Entergy to pull the plug on Vermont Yankee in 2014

The rising cost of increasingly dangerous and non-competitive nuclear powered electricity has forced yet another aging atomic reactor to permanently close in the United States. The New Orleans-based Entergy Corporation announced that it will permanently close Vermont Yankee nuclear power plant in the fourth quarter of 2014.  The Entergy announcement continues this year’s “domino effect” that began with the permanent closure of four operating US atomic reactors in Florida, Wisconsin and California in 2013 and the abandonment of construction projects for six more units across the country.   Still more announcements for reactor closures are expected in 2013 and 2014 as the nuclear industry continues to economically implode.  

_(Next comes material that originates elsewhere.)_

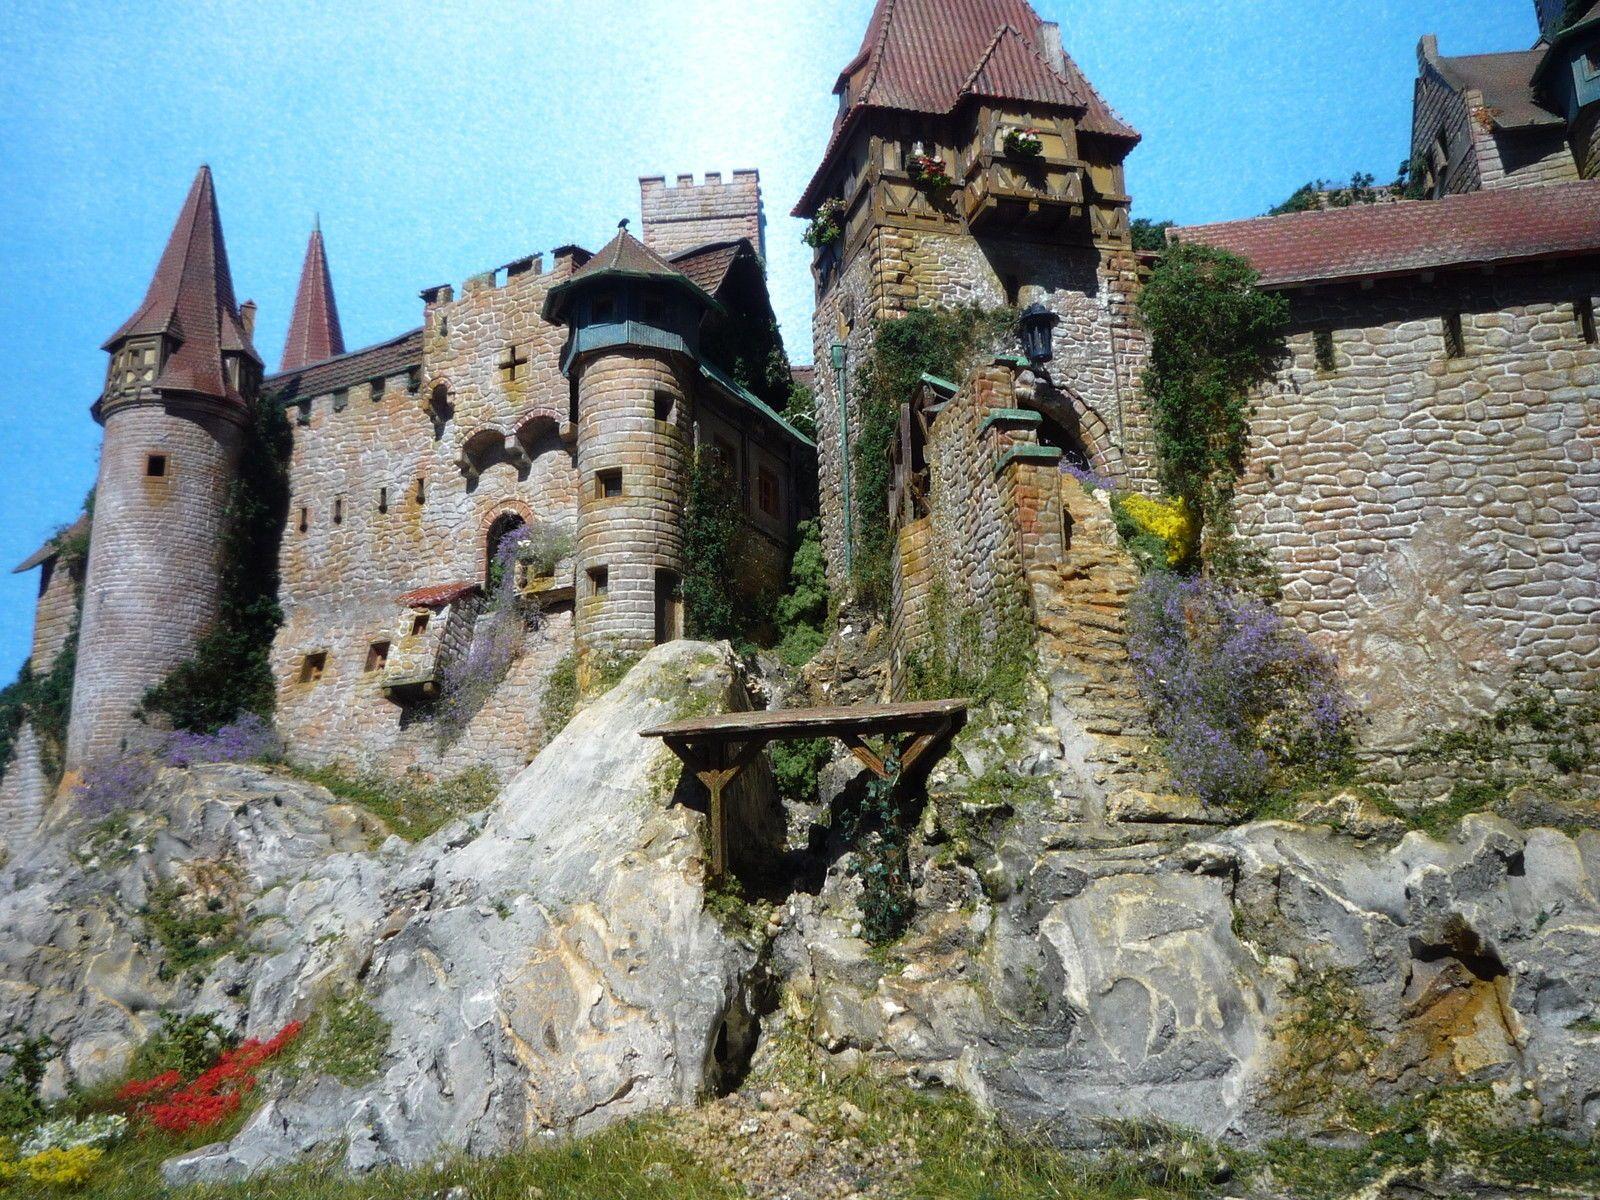 Diorama Castle Burg Schloss Elbenwald Patiniert Beleuchtung Kutsche Tren A Escala Diorama Castillos

Vermont Yankee is a 600 megawatt electric Fukushima-style reactor, a General Electric Mark I boiling water reactor located in southeastern Vermont. It was first licensed to operate in 1972 and received a twenty year license extension from the Nuclear Regulatory Commission the day before the Japanese nuclear catastrophe began on March 11, 2011 in spite of a broad citizen-based mobilization and the State of Vermont to deny the license extension.

Proponents of nuclear power will no doubt lament the closure of Vermont Yankee to mean an increase in fossil fuel replacements in Vermont and New England. In fact, the small 600 megawatt merchant power reactor does not sell its electricity in Vermont and can be simply retired on the combination of new renewable energy resources, improving energy efficiency standards and an existing cushion of excess electricity capacity in the region that exceeds well beyond the 12.5% to 15% reserve margin maintained through the North American Electric Reliability Corporation (NERC).  The reactor can be closed without jeopardizing the region’s electricity reliability or necessarily raising carbon emissions.  The broader energy future for the region and the United States can now focus on the expansion of safer and more sustainable renewable energy resources from the wind and the sun and stronger energy efficiency and conservation programs.

The public health and safety concern now focuses the next year as Entergy winds down reactor safety investments in advance of shutdown. When the reactor is finally shuttered one Entergy spokesperson has described the company plan to “mothball” the reactor for up to 60 years on the shores of the Connecticut River before fully dismantling and decommissioning the radioactive hulk. While Entergy claims to have a war chest of more than $500 million for the radioactive cleanup, waiting 60 years should raise concern over who becomes liable for what will likely run into hundreds of millions more in extensive cost overruns as the buried radioactive skeletons begin to come out of the closet.